Tucked away, almost ashamed of itself,
the eucalyptus grove sways
to its ghost dance.
We become like these woods,
unseen
unimportant
nobodies—
no body
but one body.
Ghostly, our body joins ghost dance.
Moves gentle as wind,
drifts slowly as leaf.
Ghost danced,
Ghost danced,
Ghost danced
to the tree
with the tepee.
“Not your word,” Ghost Dancer says. “Not your land.”
“A Lakota word written on Kumeyaay land.”

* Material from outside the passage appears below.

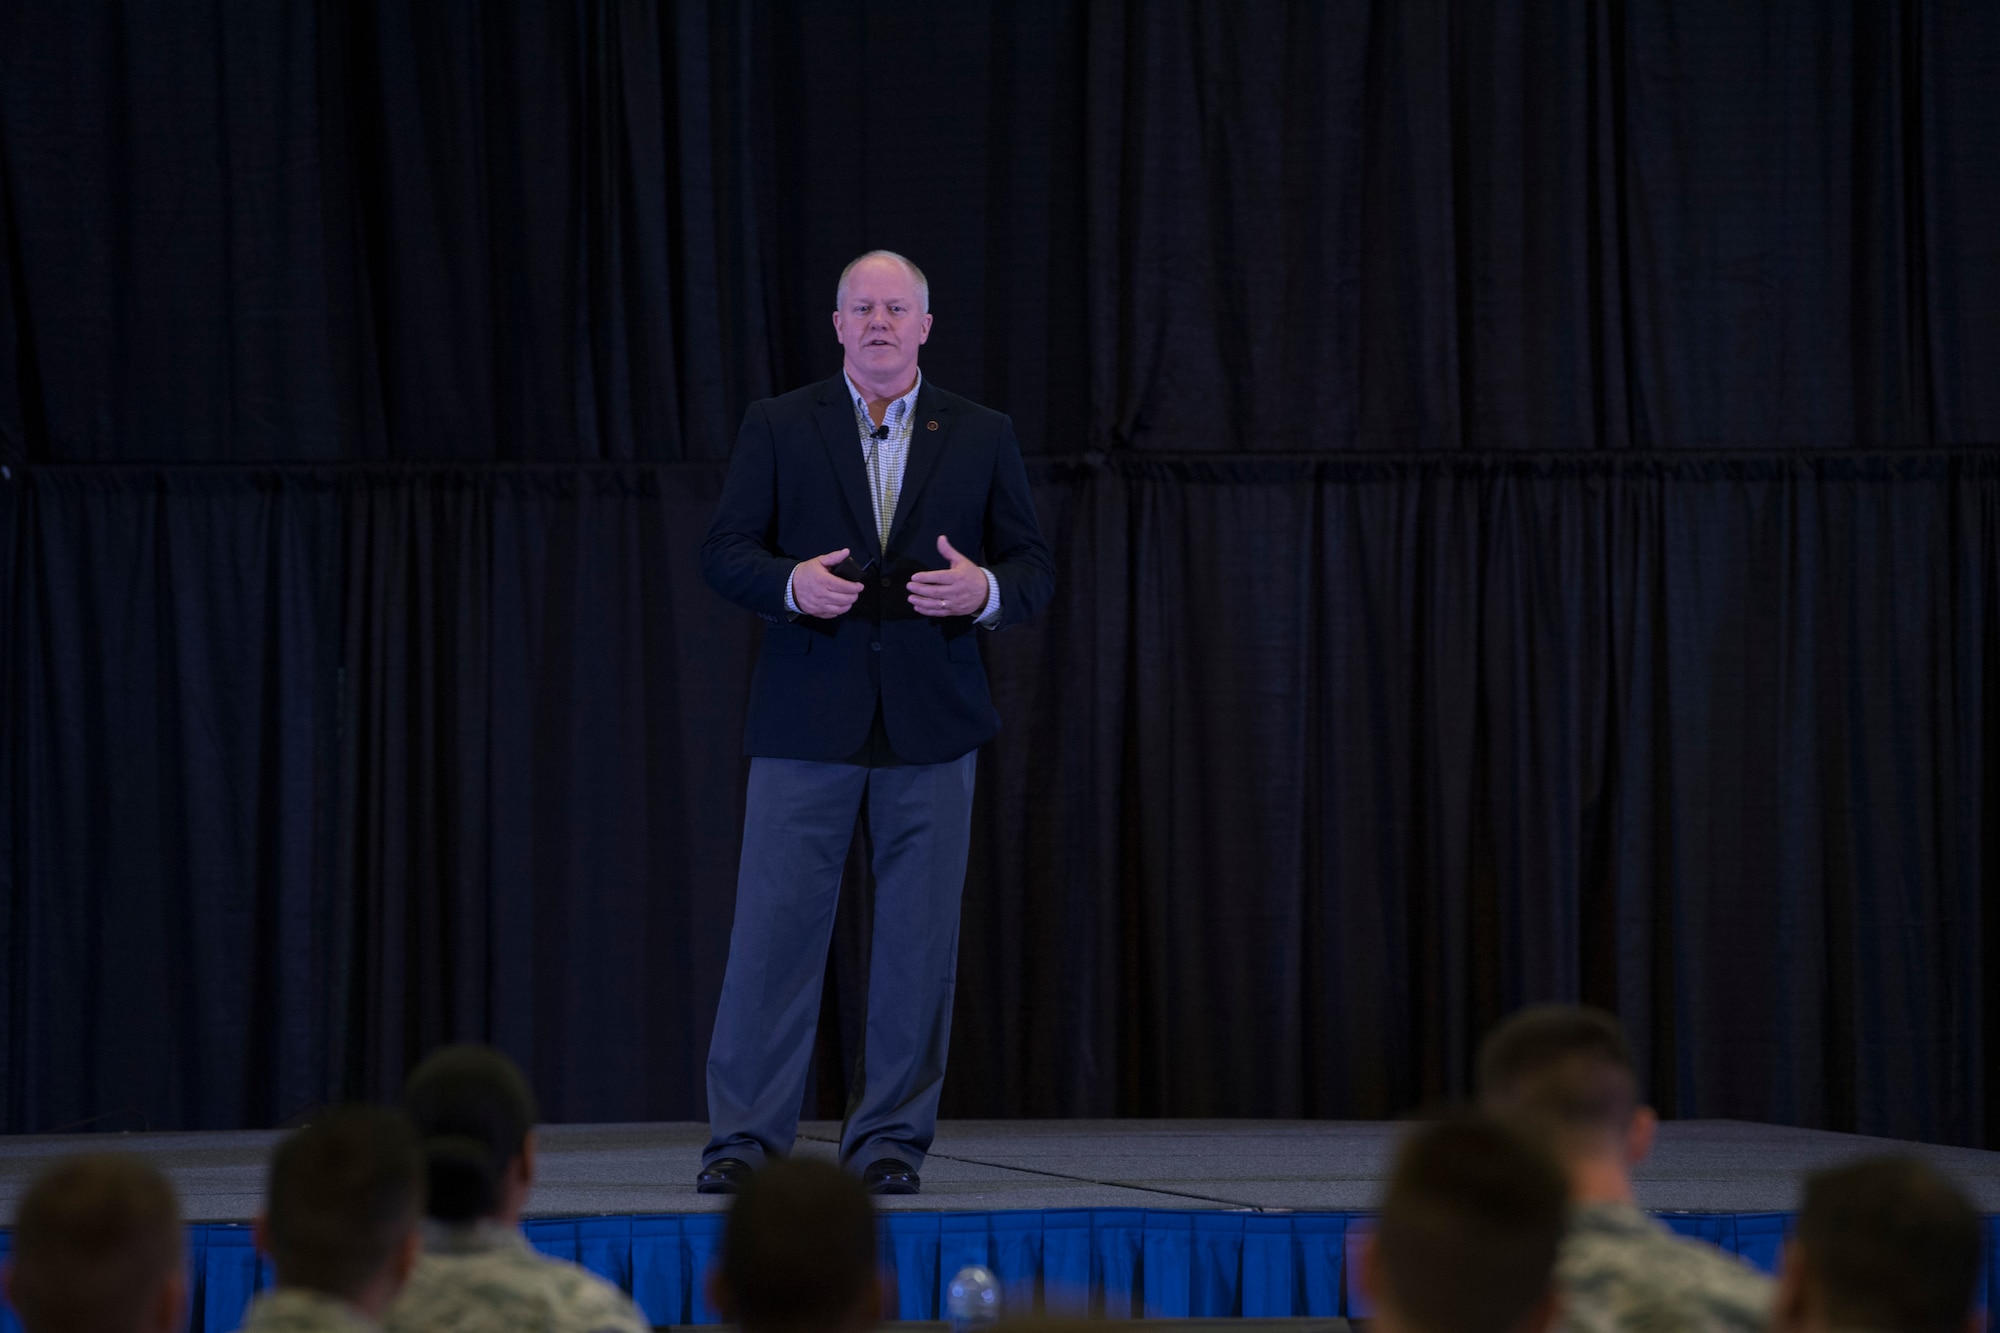 Chief Master Sgt. Chris Muncy (Ret.), former Command Chief Master Sgt. of the Air National Guard, talks with Airmen August 15, 2018 at the Enlisted Leadership Symposium at Camp Dawson, W.Va. More than 400 Airmen representing Air National Guard units from each state and territory attended the ELS, a three-day event focused on leadership and professional development. (U.S. Air National Guard Photo by Airman 1st Class Caleb Vance)

“Think of tents,” Ghost Dancer says.
“Write of tents. It’ll make more sense.”
So be it.
Ghost danced,
Ghost danced,
Ghost danced
to the tree
with the skeletal tent.
No memento mori, this.
A sign of life rather,
a reminder of
other students sitting
as we sit in this grove.
Their tents
not tucked away
like skeletal tent.
They’re hidden
in plain sight,
in campus plazas,
seen only by seers
who see through the heart.
Encamped, these students
occupy occupied land,
calling us to sit with them
from great distances
as they sit with others
at great distances
who are without tents,
who are exposed,
who are splintered,
who are broken
by our bombs and ignorance.
We sit, quiet,
in the green heart of campus,
sitting
as students across the country ghost dance,
dance with the ghosts of occupied land,
dance with the ghosts of ’68,
dance with the ghosts of Kent State,
dance with the ghosts of 40,000.
The rhythm
of their ghost dance
moves me today
as we sit here
unmoving
in the green heart.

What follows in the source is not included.